A structured set of objections, weighed in public.

Desk editor's note, referee report, simulated authors' rebuttal, and a circularity audit. Tearing a paper down is the easy half of reading it; the pith above is the substance, this is the friction.

Desk Editor's Note private letter to a colleague

GT-NSGDm hits the centralized optimal rate for decentralized nonconvex optimization under heavy-tailed noise.

read the letter

The main point is that this paper gives the first decentralized algorithm that matches the centralized lower bound rate O(1/T^{(p-1)/(3p-2)}) for nonconvex stochastic optimization with p-moment bounded noise. GT-NSGDm combines normalization, gradient tracking, and momentum to keep the consensus error from degrading the leading exponent. The analysis absorbs the geometric contraction from the mixing matrix into lower-order terms, which is the key step that lets the rate stay optimal. When p is unknown the method falls back to a slower but topology-independent rate with an n^{1-1/p} speedup, which is a practical fallback. Experiments on synthetic regression and language-model training show clearer robustness than the baselines they compare against. The graph condition of primitive doubly-stochastic weights is standard and only used to guarantee a uniform contraction factor; it does not change the final exponent. That part looks clean. The main soft spot is that the full recursion details and any dependence on graph diameter or hidden constants would still need a careful read of the proofs, even though the stress-test note indicates the leading term survives. Experiments would also be stronger with more runs and explicit error-bar reporting, but the qualitative improvement is visible. This paper is for people working on distributed training where gradients really do have heavy tails. Readers who care about closing the gap between centralized and decentralized rates under realistic noise will find the rate result and the algorithm useful. It deserves a serious referee because the central claim is sharp, the technique is a direct combination of known tools, and the evidence from the analysis and experiments is enough to justify review time.

Referee Report

1 major / 3 minor

Summary. The manuscript proposes GT-NSGDm, a gradient-tracking normalized stochastic gradient descent algorithm with momentum, for decentralized nonconvex optimization where each node observes stochastic gradients with only p-th moment (1 < p ≤ 2) under heavy-tailed noise. Under the assumption that the communication graph admits primitive and doubly stochastic weights, the authors prove that the expected gradient norm converges at the non-asymptotic rate O(1/T^{(p-1)/(3p-2)}), claimed to be optimal and matching the centralized lower bound for the first time. When p is unknown the method attains O(1/T^{(p-1)/(2p)}), which is topology-independent for p < 2 and enjoys an n^{1-1/p} speedup. The claims rest on a convergence analysis in Section 4 together with experiments on nonconvex linear regression and decentralized language-model training.

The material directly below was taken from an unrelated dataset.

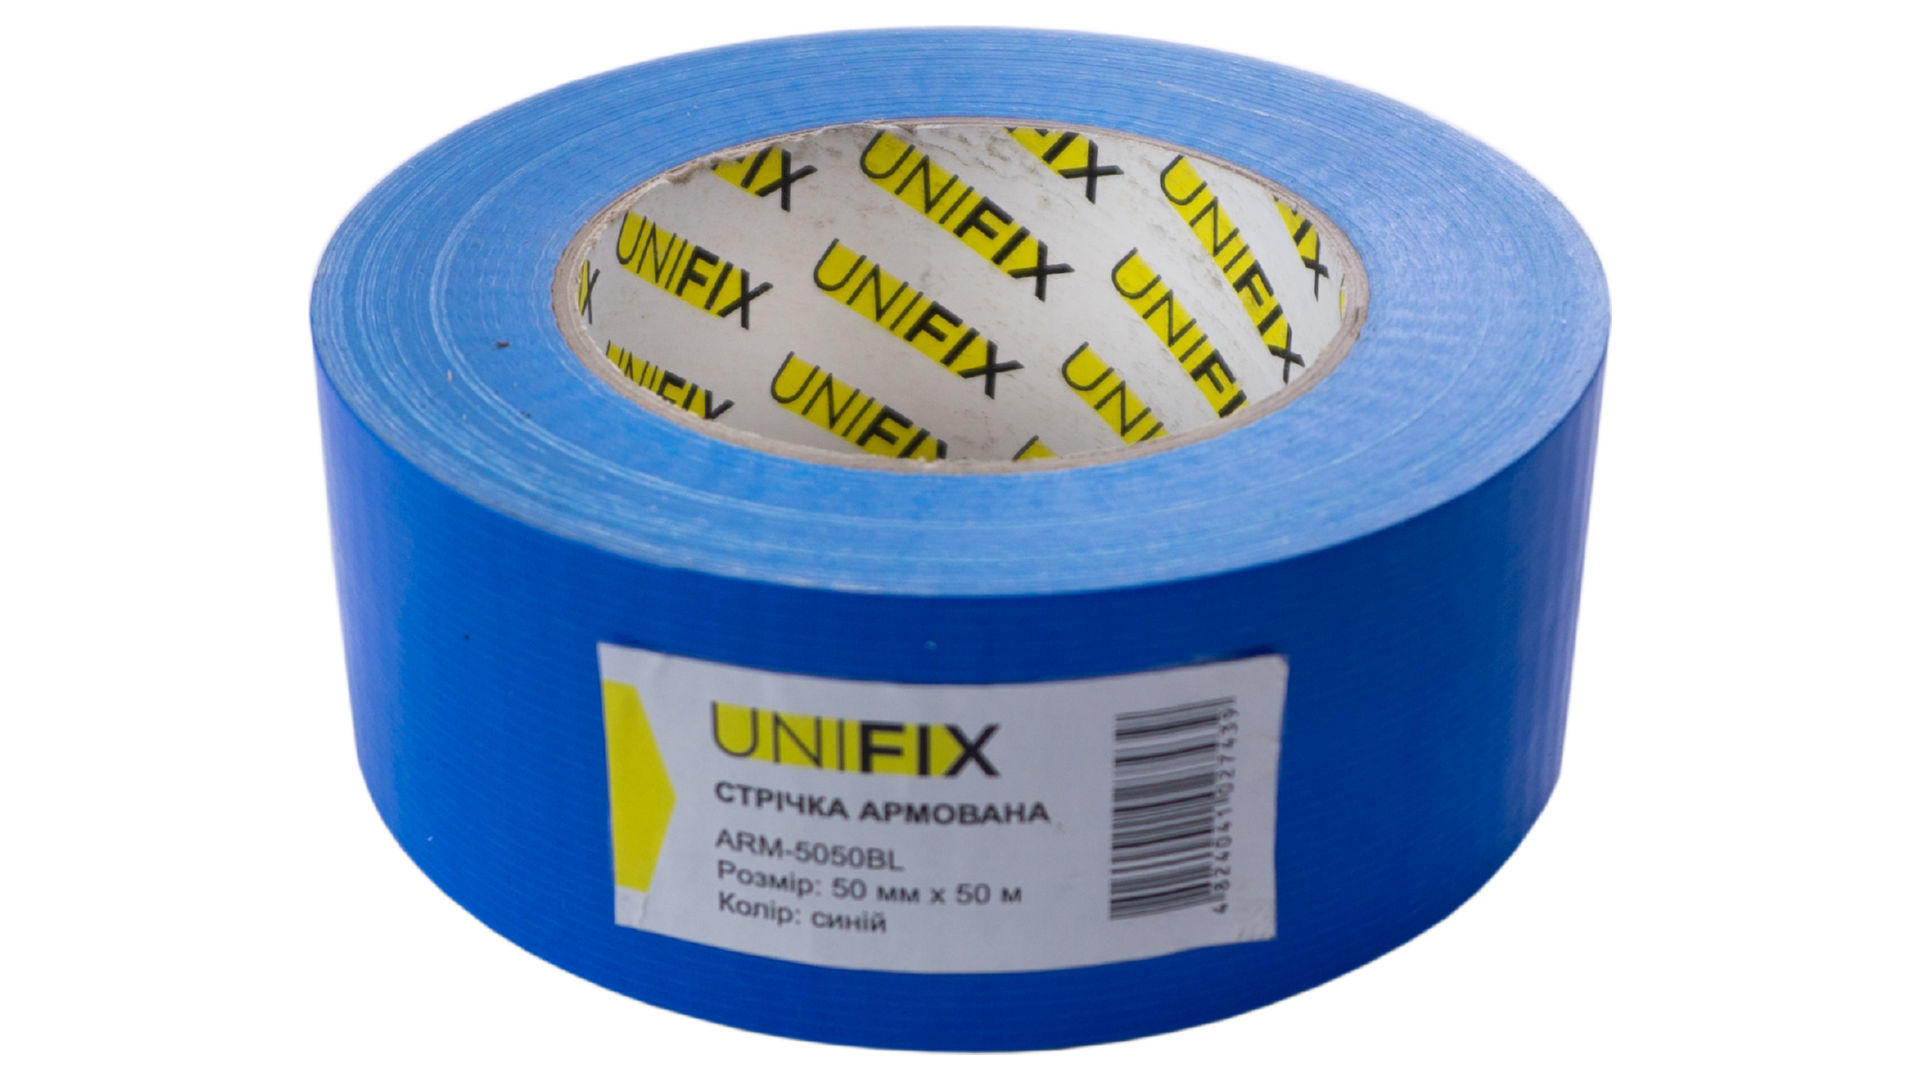 Лента армированная Unifix - 50 мм x 50 м синяя 4

Significance. If the stated rate holds, the result is significant: it supplies the first optimal non-asymptotic guarantee for decentralized heavy-tailed nonconvex optimization and shows that the centralized exponent (p-1)/(3p-2) can be recovered without degradation from the mixing term. The analysis credits gradient tracking (Lemma 3.3) for geometrically contracting the consensus error so that it is absorbed into lower-order contributions, preserving the leading T-exponent. This is a concrete advance over prior decentralized heavy-tailed work that typically incurred worse exponents or topology dependence.

major comments (1)

[Section 4] §4, the main recursion after Lemma 3.3: the proof sketch states that the mixing term is absorbed into lower-order contributions without altering the leading exponent, yet the explicit dependence of the O(·) constants on the graph’s second-largest eigenvalue (or mixing time) is not displayed; this dependence must be verified to ensure the claimed exponent remains independent of the fixed graph for any n.

minor comments (3)

[Abstract and Section 5] Abstract and §5: the experimental section reports robustness on tokenized synthetic data and real-world corpora but does not specify how error bars are computed or which data points are excluded; adding these details would strengthen reproducibility.
[Algorithm 1] Algorithm 1 and surrounding text: the precise normalization step (division by the estimated p-norm or a surrogate) is described verbally; an explicit equation would remove ambiguity in implementation.
[Introduction] Introduction: a short table comparing the new rate to the best prior decentralized heavy-tailed rates (with and without momentum) would help readers immediately see the improvement in the exponent.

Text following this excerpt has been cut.